Dipartimento di Scienze Anatomiche, Istologiche Medico Legali e dell’Apparato Locomotore Università La Sapienza, Roma, Italia

Aim: A retrospective database collection data study was carried out on patients undergoing knee arthroplasty to confirm the duration of thromboprophylaxis with rivaroxaban in the Italian clinical practice, and whether treatment longer than 2 weeks is associated with changes in thromboembolism and bleeding rates.

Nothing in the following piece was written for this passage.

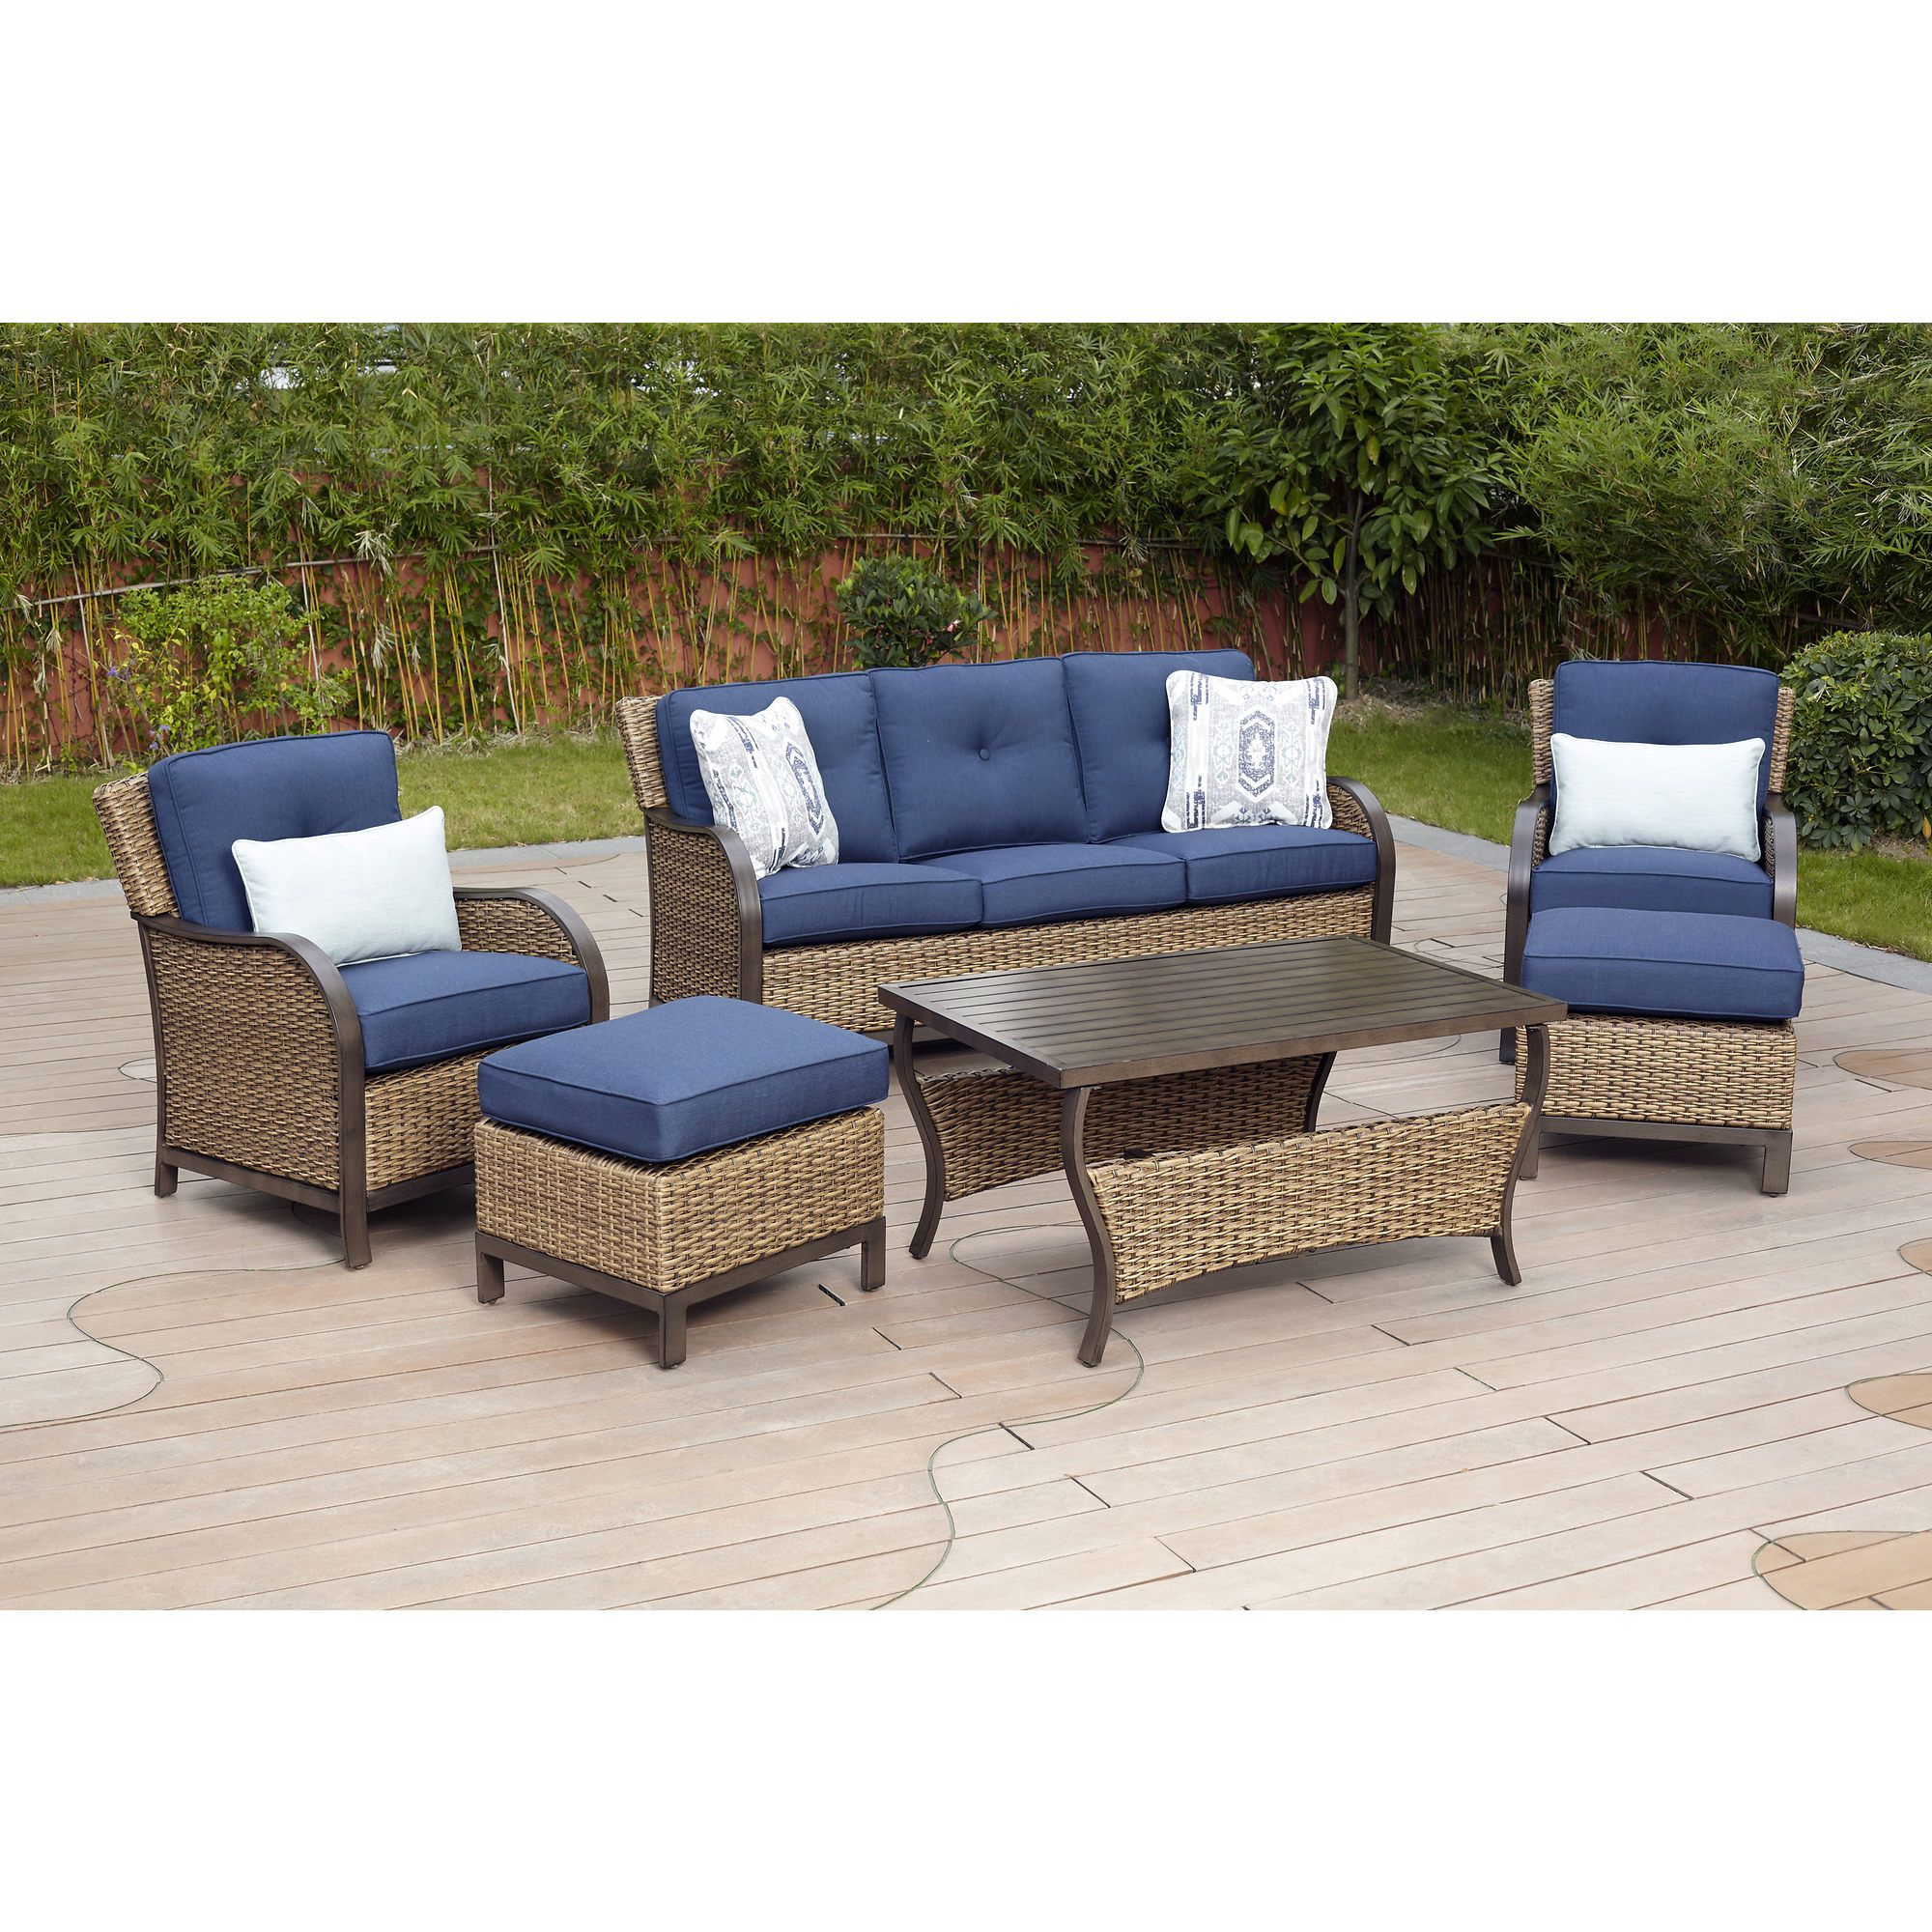 Berkley Jensen Nantucket 6 Pc Wicker Seating Set Spectrum Indigo Elegant Outdoor Furniture Wicker Sofa Outdoor Outdoor Furniture Sets

Methods: All patients >18 years who underwent elective knee arthroplasty between January 2011 and May 2012 at 14 Italian orthopedic centers and were given rivaroxaban for thromboprophylaxis were eligible. Following data were collected and analyzed descriptively: age, gender, body mass index, medical history, type of anesthesia, mode of administration of rivaroxaban (time of introduction after surgery and duration of treatment), time of mobilization, duration of hospital stay and follow-up, as well as occurrence of thromboembolism, bleeding and other adverse events.
Results: A total of 217 patients were included. Duration of therapy was 5 weeks long in 151 patients (70,2%) and only one patients had a shorter duration of 2 weeks. The thromboembolism rate was 0.46% (IC95% 0,08-2,56%), due to an event occurred 2 weeks after the end of pharmacological prophylaxis, much less than the registrative trials, and the bleeding rate was comparable to the registrative RECORD trials.
Conclusion: This retrospective database collection data study shows that thromboprophylaxis with rivaroxaban is generally continued for 5 weeks after knee arthroplasty in clinical practice in Italy. It suggests that a 5-week therapeutic regimen with rivaroxaban is advisable, due to the residual thromboembolic risk, and safe, as it does not increase bleeding vs the much shorter (2 weeks) registrative regimen.